The data »
*** Block opens ***

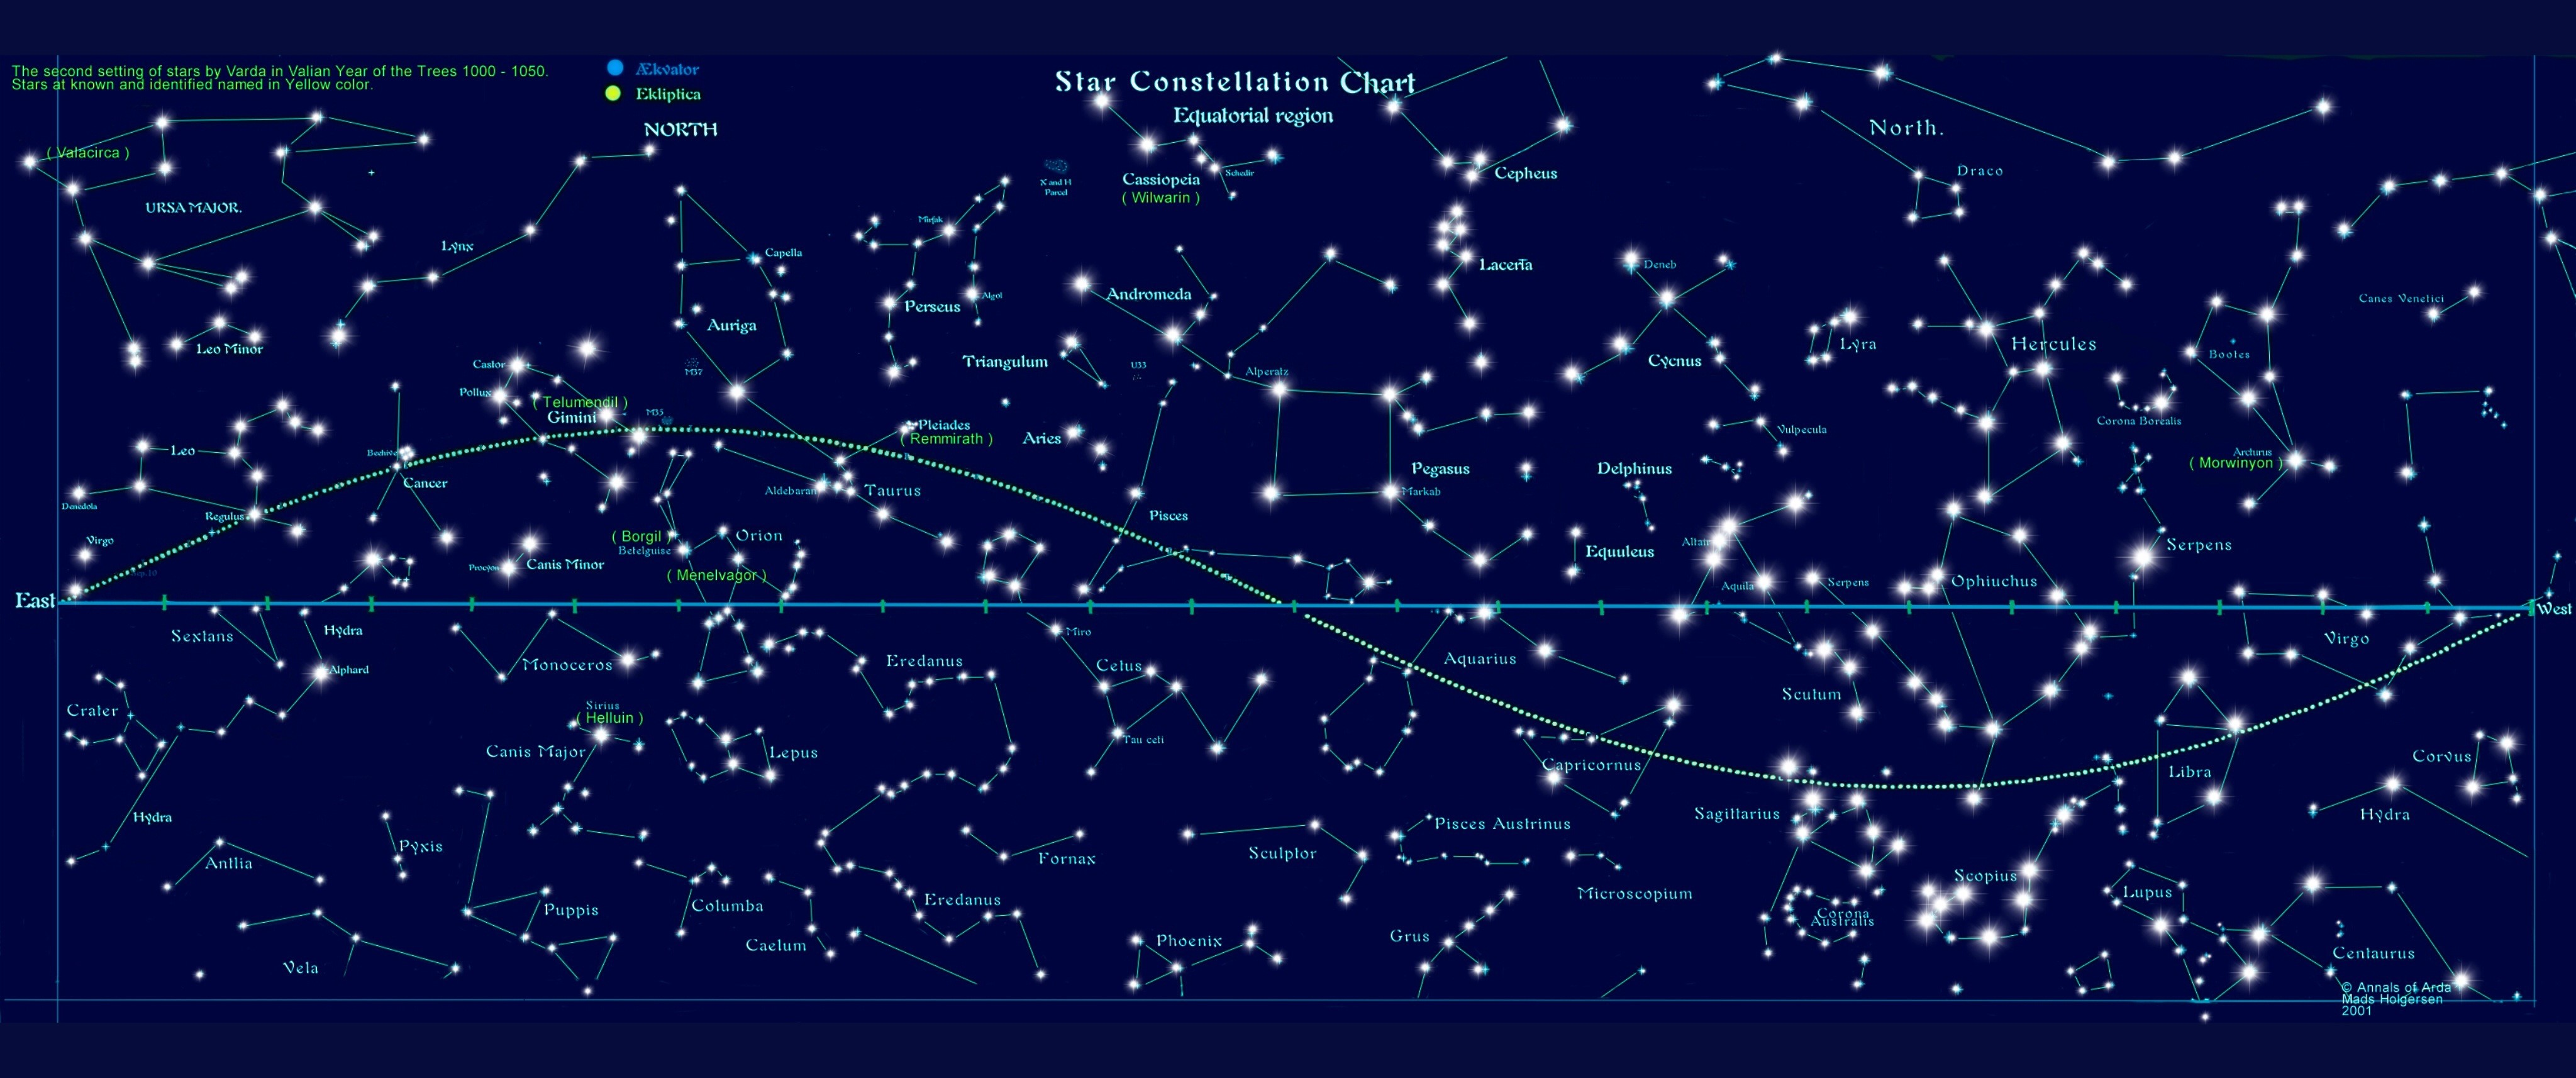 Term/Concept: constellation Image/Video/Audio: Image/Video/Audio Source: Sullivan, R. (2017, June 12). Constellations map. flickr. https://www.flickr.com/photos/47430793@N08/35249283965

*** Block closes ***
*** Block opens ***

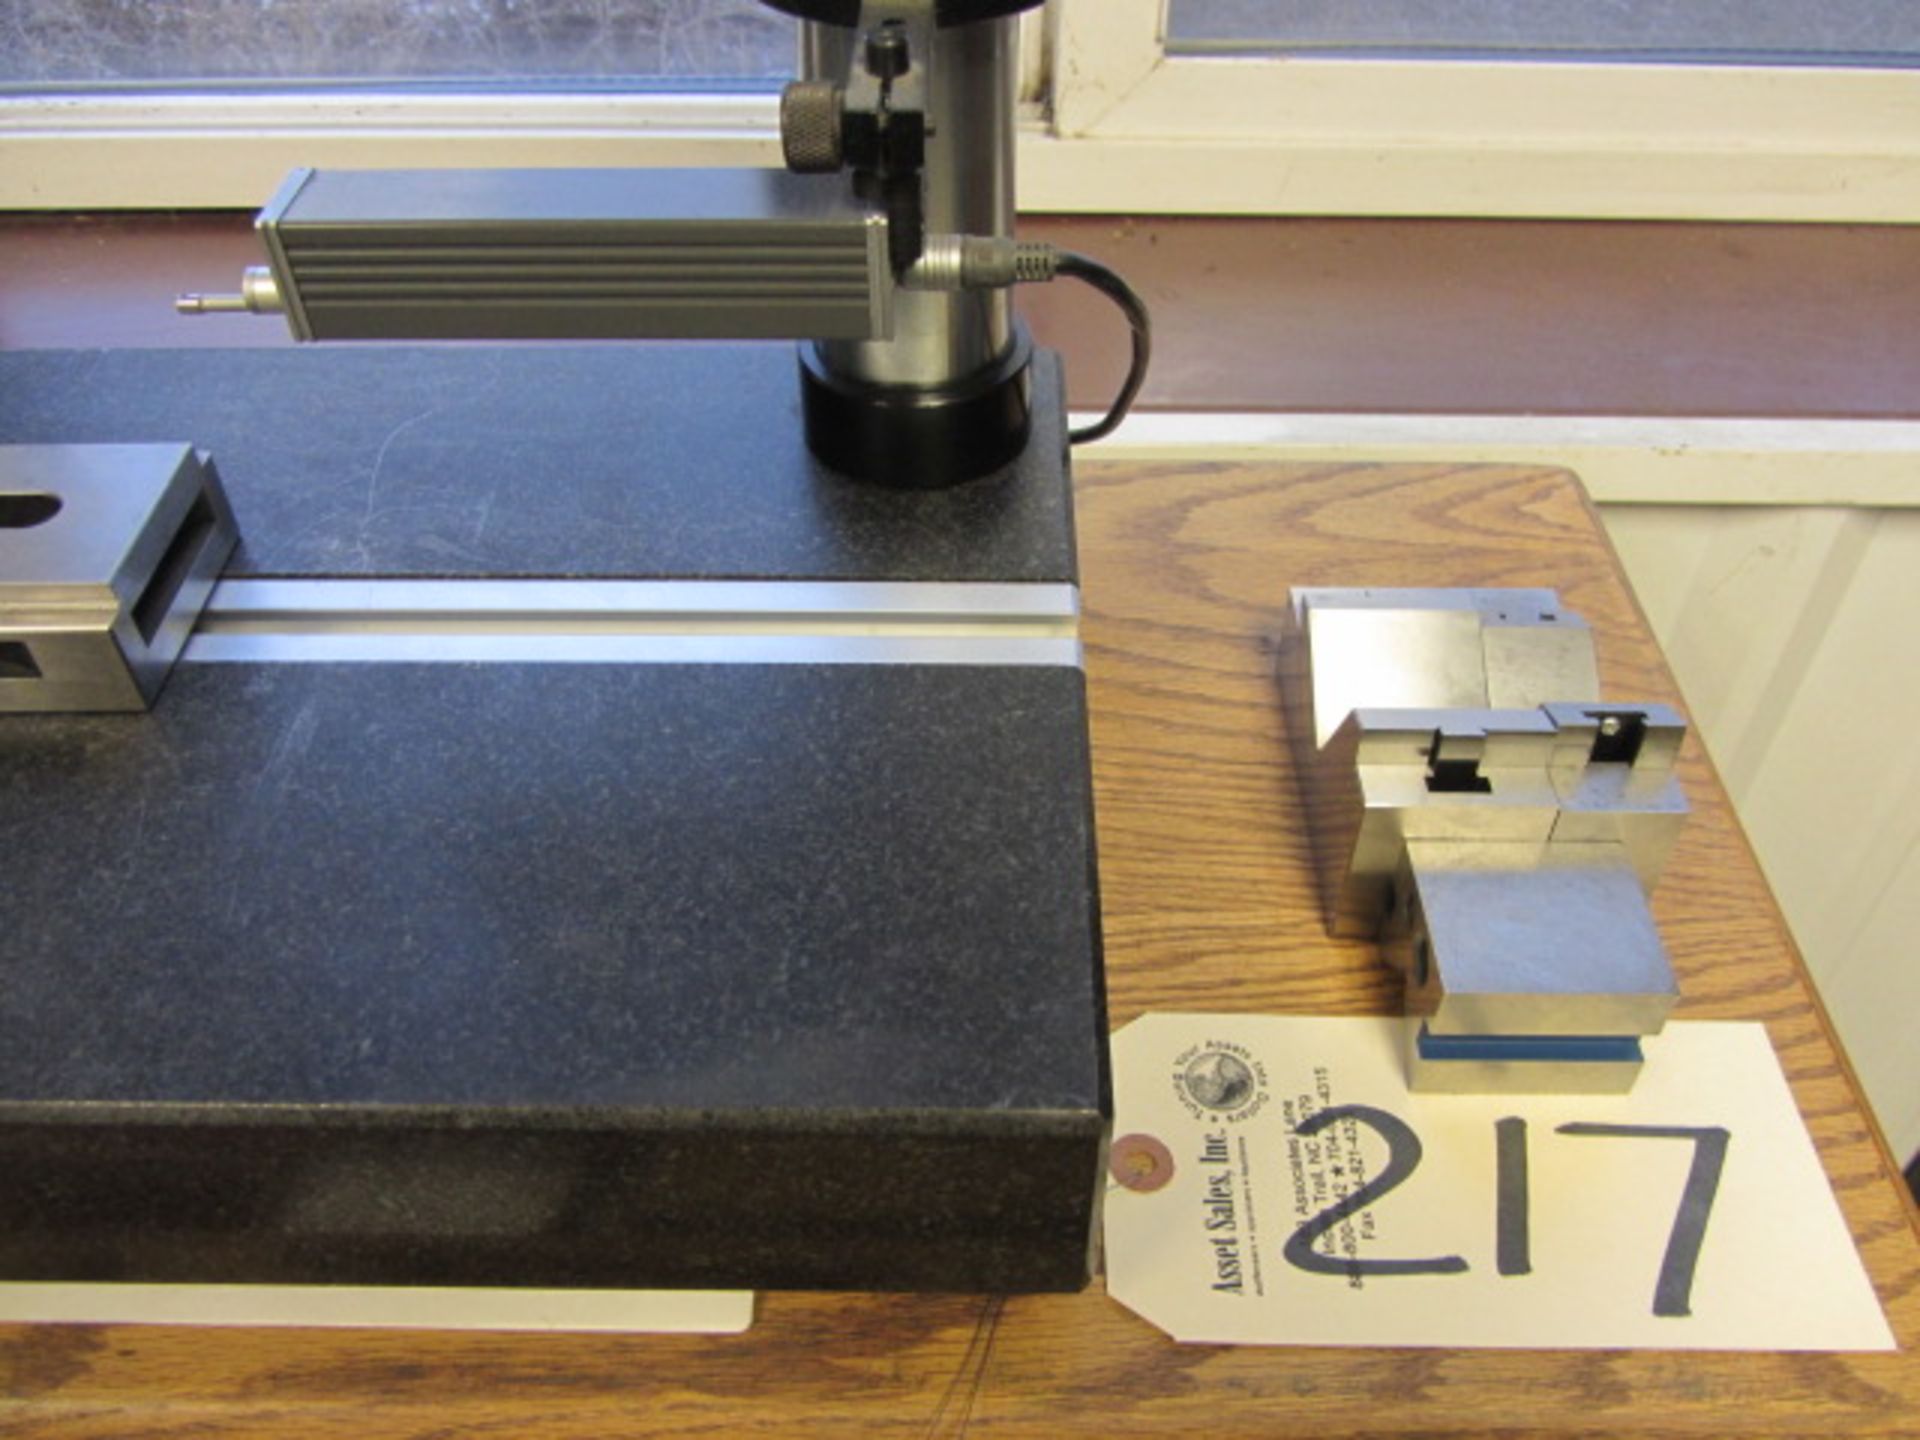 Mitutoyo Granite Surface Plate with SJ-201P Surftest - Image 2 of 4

*** Block closes ***
*** Block opens ***

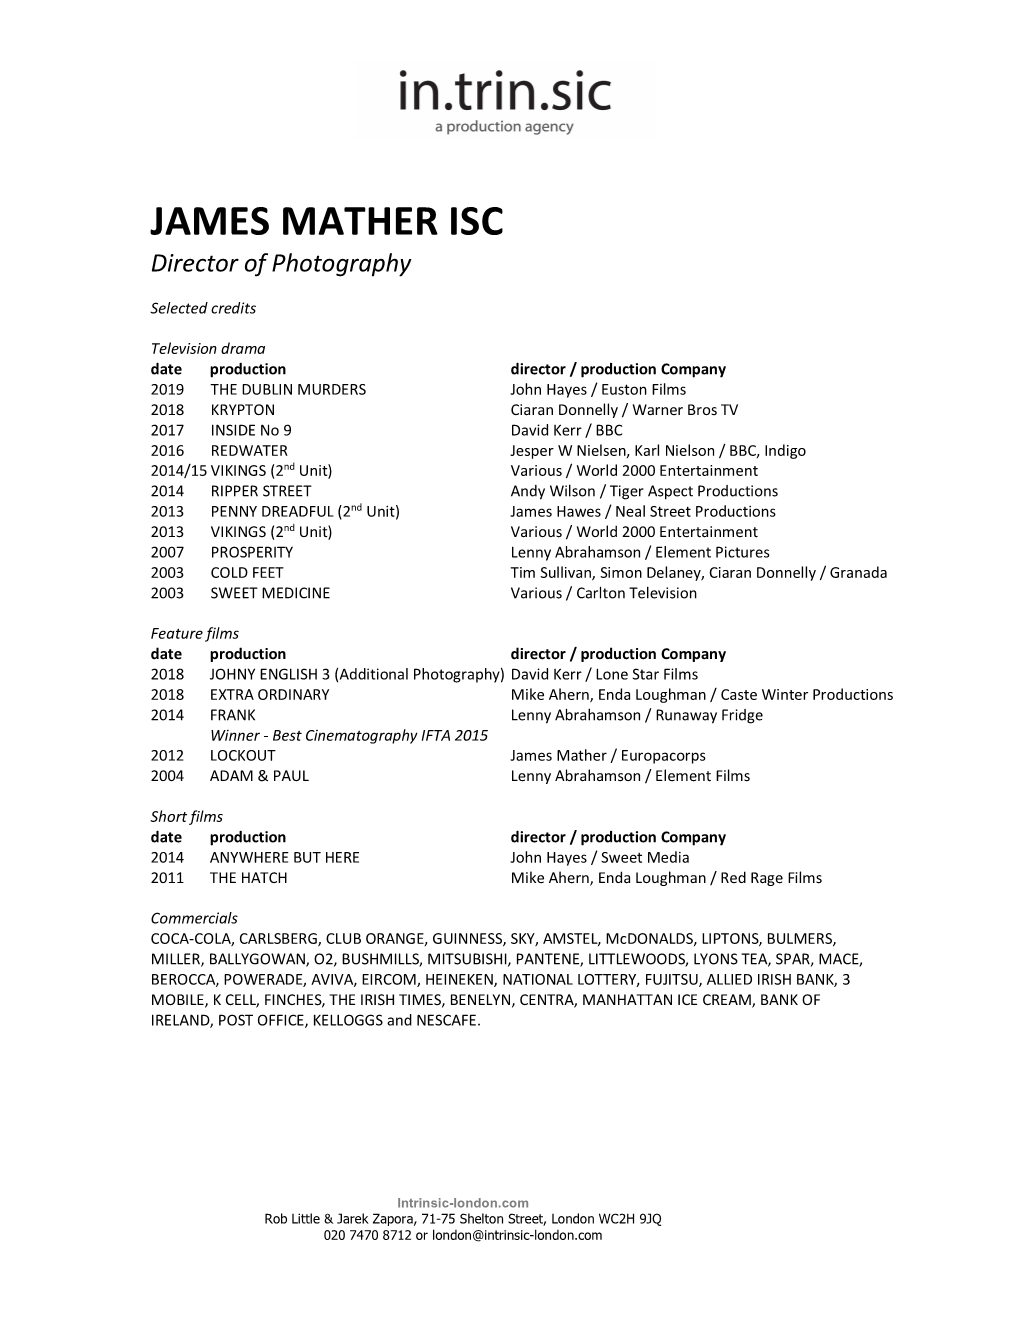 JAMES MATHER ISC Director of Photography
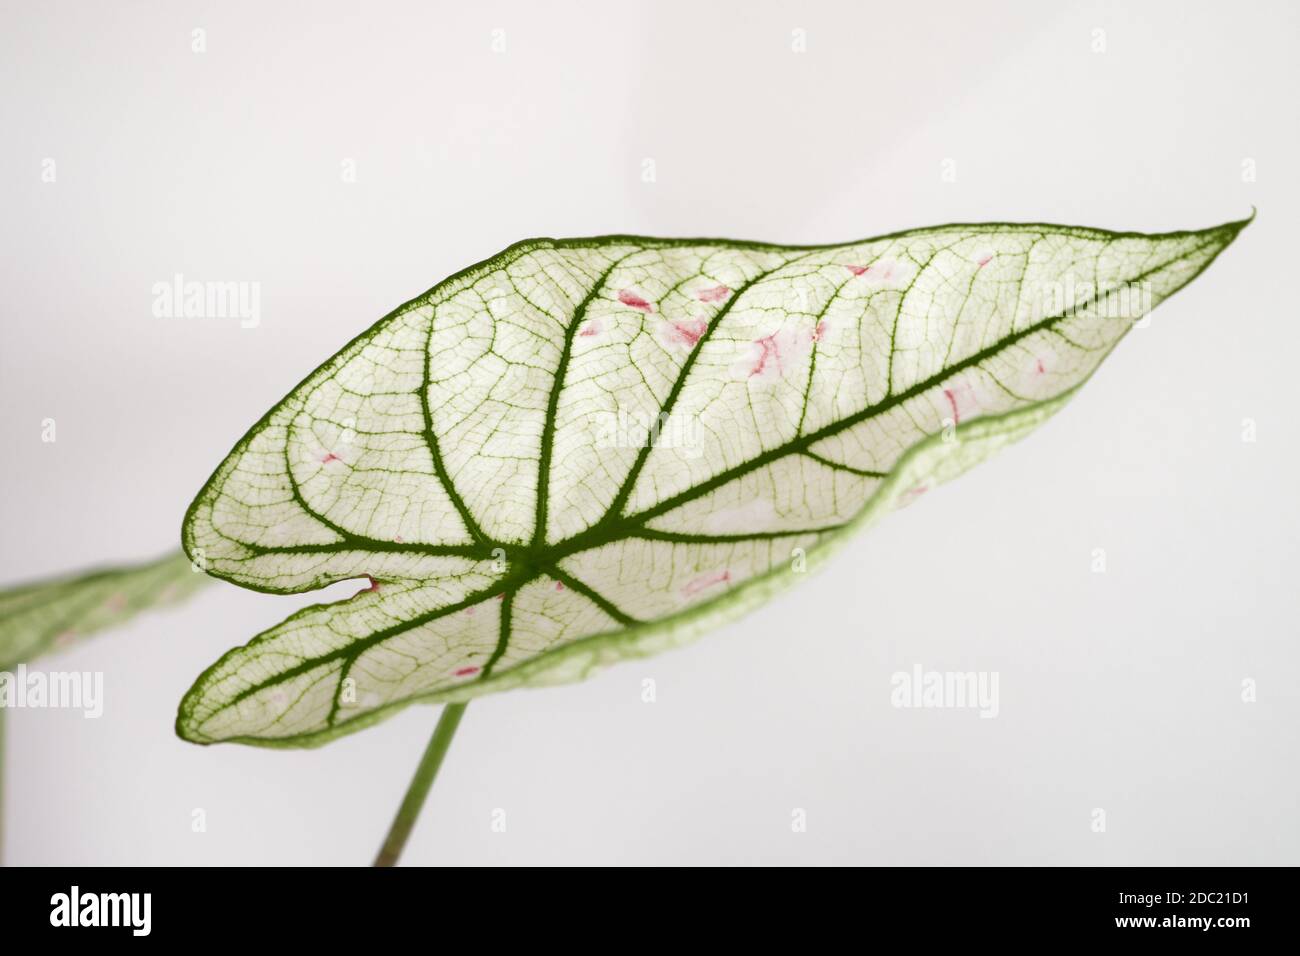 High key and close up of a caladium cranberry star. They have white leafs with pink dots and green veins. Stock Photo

*** Block closes ***

Above are some records. Output exactly the lines from the one that contains "JAMES MATHER ISC Director of Photography" to the one that contains "High key and", keeping both, and omit the pictures.

Answer space »
 JAMES MATHER ISC Director of Photography
 High key and close up of a caladium cranberry star. They have white leafs with pink dots and green veins. Stock Photo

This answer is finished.